„Wir wollen kein zweites Solingen erleben" - Ministerpräsident Tayyip Erdogan besucht Opfer vor Ort besuchen
Größte Brandkatastrophe der Nachkriegsgeschichte Ludwigshafens: 9 Menschen türkischer Herkunft starben und 60 zum Teil schwer verletzt - Verdacht auf Brandstiftung
Das bei einem Brand vor zwei Tagen völlig zerstörte Haus in Ludwigshafen wurde ausschließlich von Türken bewohnt. Alle neun Opfer, unter ihnen fünf Kinder, sind türkischer Herkunft. Noch sind nicht alle identifiziert. 60 Menschen, meist auch Türken, wurden z.T. schwer verletzt; am Dienstag befanden sich noch elf Personen im Krankenhaus.
Nach Berichten der dpa prüft die Polizei eine Zeugenaussage, wonach es sich um Brandstiftung handeln könnte.Innerhalb der türkischen Bevölkerung in Ludwigshafen besteht die Befürchtung, dass Brandstiftung die Ursache für das verheerende Feuer gewesen sein könnte. Der Vorsitzende des türkisch-deutschen Unternehmervereins, Eyyüp Özcan, sagte, es habe bereits 2006 einen Brandanschlag auf das selbe Haus am Danziger Platz 32 gegeben. Damals habe jemand versucht, das Haus anzuzünden, das Feuer habe aber gelöscht werden können.
Der türkische Präsident Abdullah Gül forderte angesichts von Brandanschlägen in Deutschland in der Vergangenheit eine «sorgfältige Untersuchung». Die Bundesregierung zeigte sich betroffen. Vize-Regierungssprecher Thomas Steg nannte das Geschehen eine Tragödie.
In Deutschland und in der Türkei sind Politiker alarmiert. Die Regierung in Ankara hat eigene Ermittler nach Deutschland entsandt. Nach unbestätigten Meldungen wird Ministerpräsident Recep Tayyip Erdogan bei seinem Deutschlandbesuch selbst nach Ludwigshafen reisen - begleitet von vier türkischen Polizeifachleuten, die die Brandursache untersuchen.
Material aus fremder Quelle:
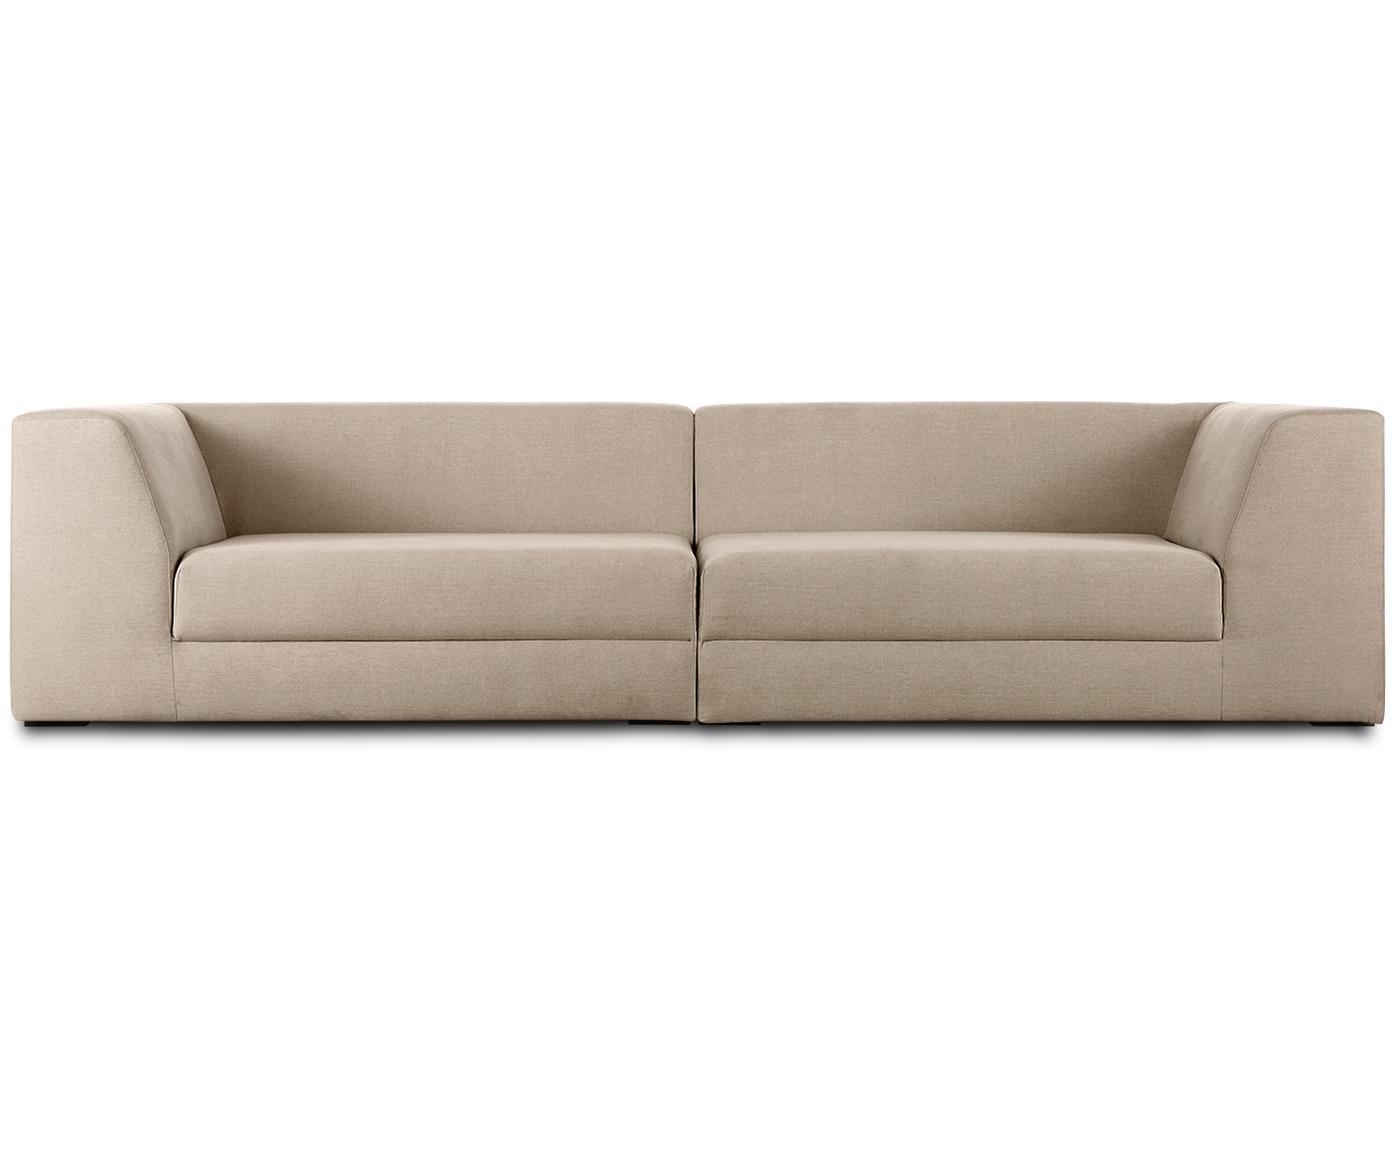 Sofa modułowa Grant (3-osobowa), Tapicerka: bawełna 20 000 cykli w te, Stelaż: drewno świerkowe, Nogi: lite drewno bukowe, lakie, Taupe, S 266 x G 106 cm

Der türkische Botschafter Mehmet Ali Irtemçelik war bereits in Ludwigshafen, um sich ein Bild von der Tragödie zu machen. "Wir wollen, dass der Vorfall so schnell wie möglich aufgeklärt wird", sagt Erdogan.
Erdogan äußert seine Sorge, dass es sich um Brandstiftung handeln könnte. "Wir wollen kein zweites Solingen erleben", sagt der türkische Politiker: "Wir hoffen, dass der Vorfall nichts mit Fremdenfeindlichkeit zu tun hat." In Solingen war 1993 ein von Türken bewohntes Haus von Jugendlichen angezündet worden.
In den türkischen Medien findet die Tragödie breite Beachtung. Die Zeitung Türkiye berichtet über den Fall unter der Überschrift "Fern der Heimat lebendig verbrannt". Die liberale Zeitung Radikal titelt: "Ein Feuer im Karneval verbrennt unsere Herzen." Ausführlich zitieren türkische Medien die Aussagen zweier türkischer Mädchen, die beobachtet haben wollen, wie ein deutsch sprechender Mann im Hauseingang einen Kinderwagen in Brand gesteckt habe und dann weggelaufen sei.
Eine Sonderkommission arbeitet nach Angaben der Polizei in Ludwigshafen an der Aufklärung der Hintergründe. Die Ermittler gehen davon aus, dass die Ursache für den Brand erst in einigen Tagen feststehen wird. Nach ersten Vermutungen der Feuerwehr könnte das Feuer im hölzernen Treppenhaus des alten Gebäudes zu erst gewesen sein.
Nach Angaben des Bundesinnenministeriums stimmten die zuständigen Ermittler in Rheinland-Pfalz der Mitarbeit von Brandexperten aus der Türkei zu. Diese dürften Fragen stellen, aber keine Vernehmungen führen, sagte eine Ministeriumssprecherin.
Die Stadt Ludwigshafen hatte letzten Montag alle Karnevalsveranstaltungen abgesagt. Oberbürgermeisterin Eva Lohse (CDU) sprach von dem "größten Brandereignis in der Geschichte Ludwigshafens nach dem Krieg". Der rheinland-pfälzische Ministerpräsident Kurt Beck (SPD) war am Montagmittag an der Unglücksstelle eingetroffen.